Europe only halfway to healthier banks
Completing the eurozone banking union would be a plausible measure in preventing future crises from spreading
Last week, the European Commission and the European Central Bank (ECB) announced new rules on how banks should treat dud loans. The good news is that the changes will help make European banks more resilient in the future. The bad news is that the eurozone banking system remains insufficiently equipped to deal with a new crisis.
European banks are still struggling with the aftermath of the financial crisis and the ensuing recession. Unlike their US rivals, many European lenders chose not to sufficiently write down their non-performing loans, since this would have required raising significant amounts of new capital. The US banks took a different route: They tackled the problem head on, helped by the Troubled Asset Relief Program (TARP), whereby the government spent more than $400 billion to stabilize the financial system.
The consequences of the European delay are still visible: even now that the eurozone economy is recovering, this pile stands at around €760 billion for the bloc’s significant banks, with Cyprus, Greece, Italy and Portugal most affected.
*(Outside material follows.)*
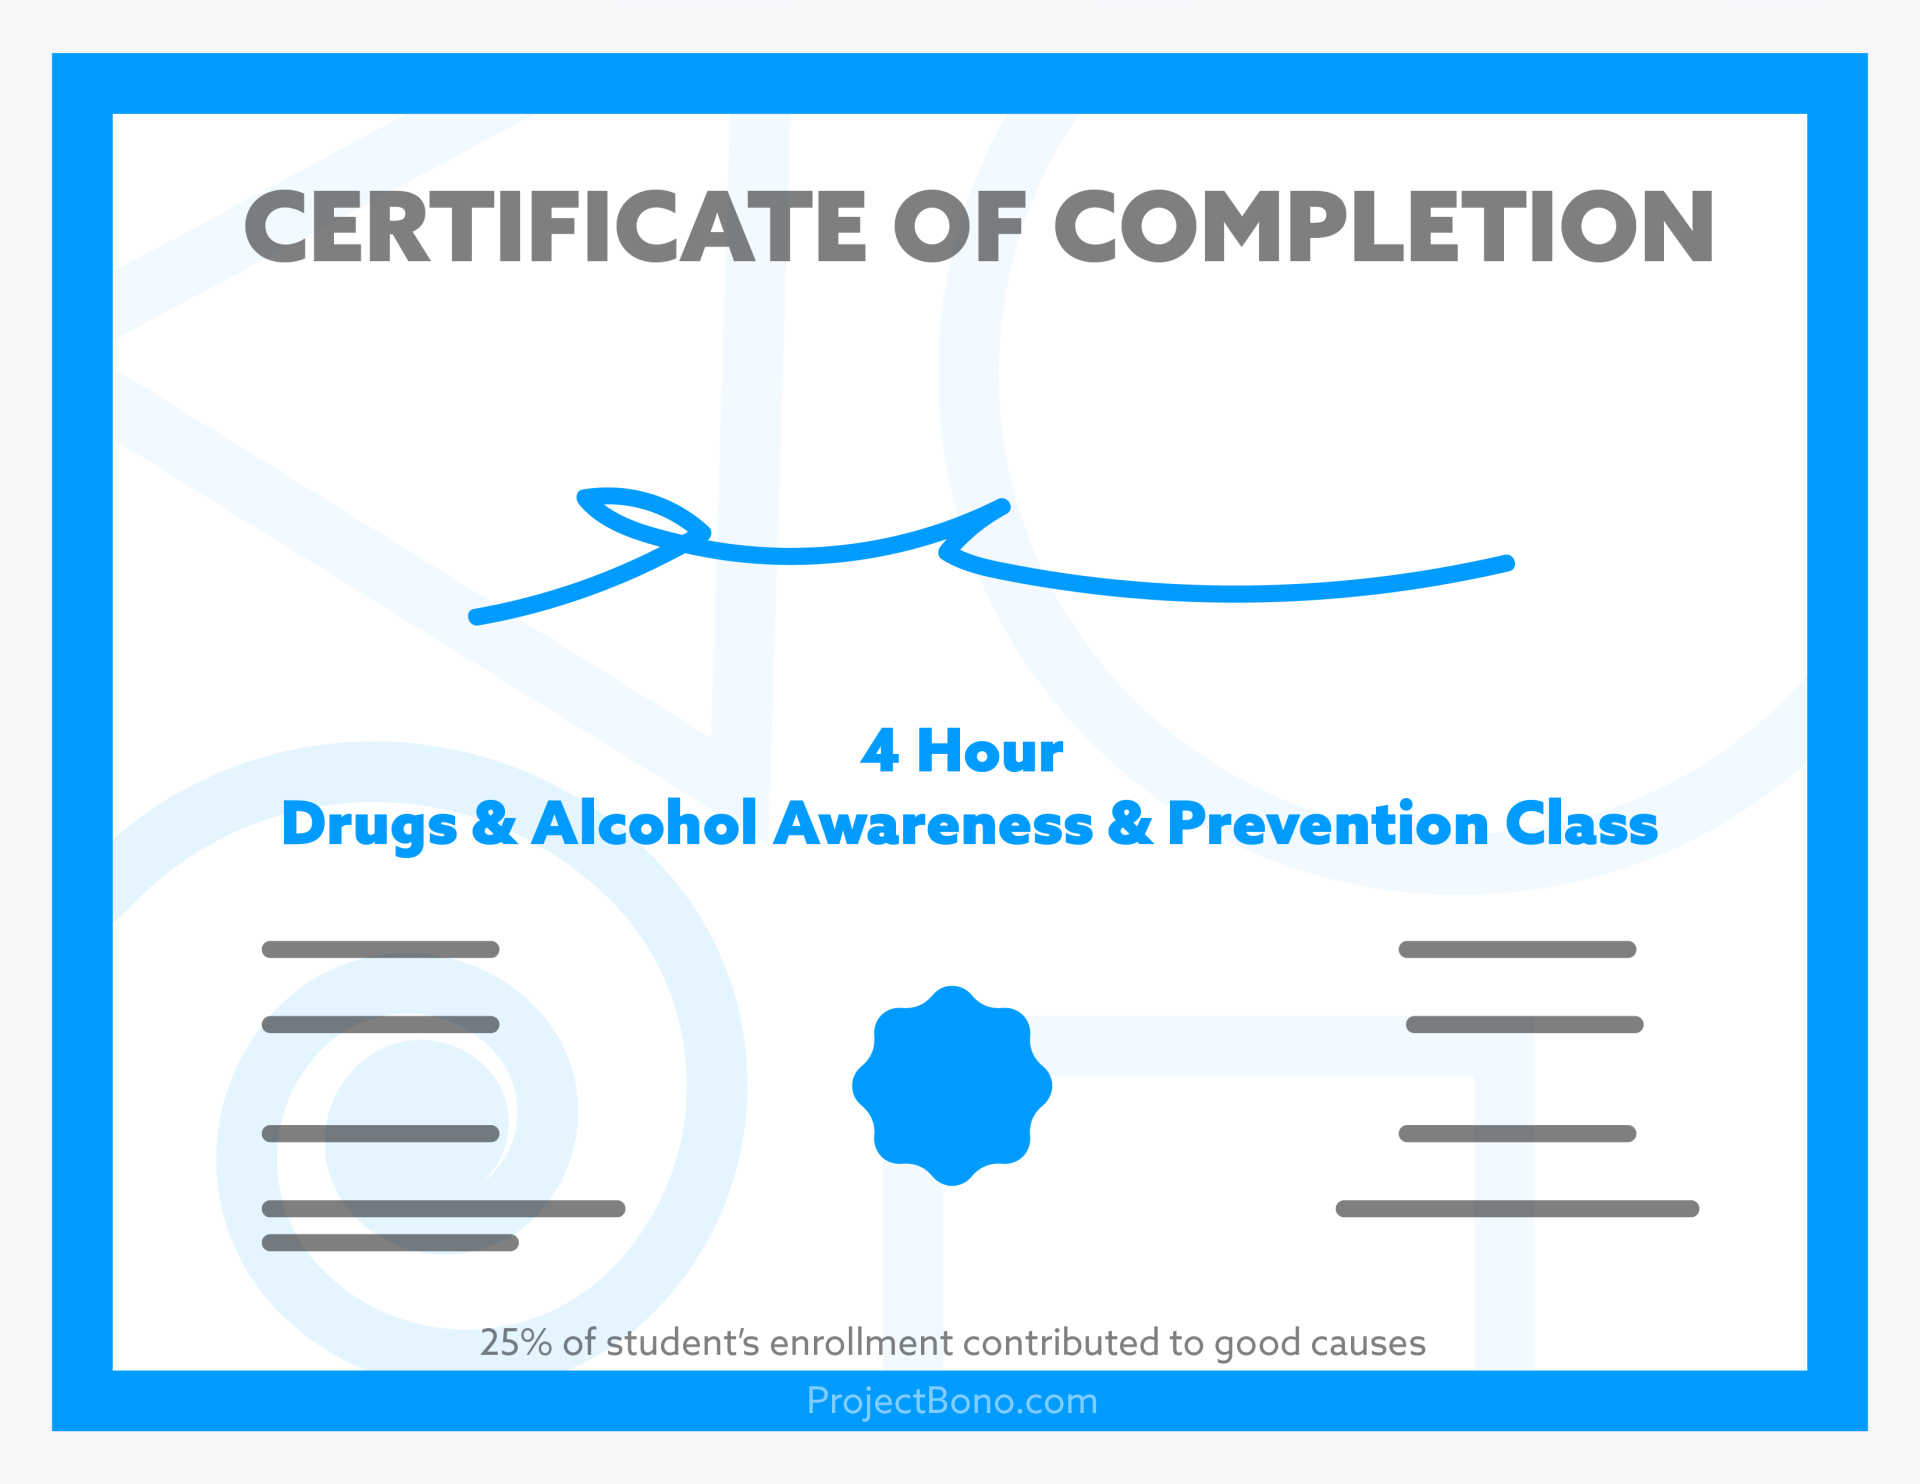 Alcohol Awareness Class Alcohol Awareness Course Alcohol Education Class Alcohol Education Program (AEP) CPS Drug Class DEJ Class Deferred Entry of Judgment Class Drug Awareness Class Drug Awareness Course Drug Education Class Drug Education Program Drug Offender Class Drug Offender Education Program (DOEP) Drug and Alcohol Awareness Class Drug and Alcohol Awareness Course Substance Abuse Class Project Bono Court Ordered Course for Drugs and Alcohol Online Approved

Non-performing loans are a problem for both banks and the economy. They keep managers from seeking new and profitable lines of business and take up bank capital, which limits the ability of lenders to extend new credit to other firms. This has a negative effect on the European economy: research by the Organization for Economic Cooperation and Development has found that the misallocation of credit is one of the main culprits for slow productivity growth in some eurozone countries such as Italy.
The commission’s new rules require lenders to set money aside over time in order to cover up to 100% of the value of a bad loan. Under this principle, called “calendar provisioning”, banks will have eight years to fully cover a secured loan, and two years for unsecured loans. The timing is generous: in most cases, this is enough to understand whether a creditor is good for what he owes. The rules will apply to all banks and only to new loans, allowing for a more than adequate phase-in period.
The commission’s plans, which now need to be discussed with the European Parliament and the Council (the body representing member governments), will take some time before they come into effect. Meanwhile, the ECB will be able to apply its new guidance (also announced last week), which in many ways is more stringent than the commission rules: it applies to any loans that are classified as non-performing as of 1 April and gives banks seven years to provision for secured credit, instead of eight. However, these are expectations, not binding rules. The ECB still has plenty of discretion and will mainly use the new tools in the case of banks that are of particular concern.
Even so, the ECB shouldn’t be content with the status quo. The supervisors should demand that the banks are much more honest about the value of their loan books. These demands may lead the weakest banks to fail; but provided these failures are handled in an orderly manner, there’s no reason for this to be a problem. As Sabine Lauteschläger, a member of the ECB’s executive board, noted in a speech at the Florence School of Banking and Finance last week, the job of supervisors is not to keep individual banks alive. “The result would be weak banks that stagger on, zombie-like, barely able to survive in good times.”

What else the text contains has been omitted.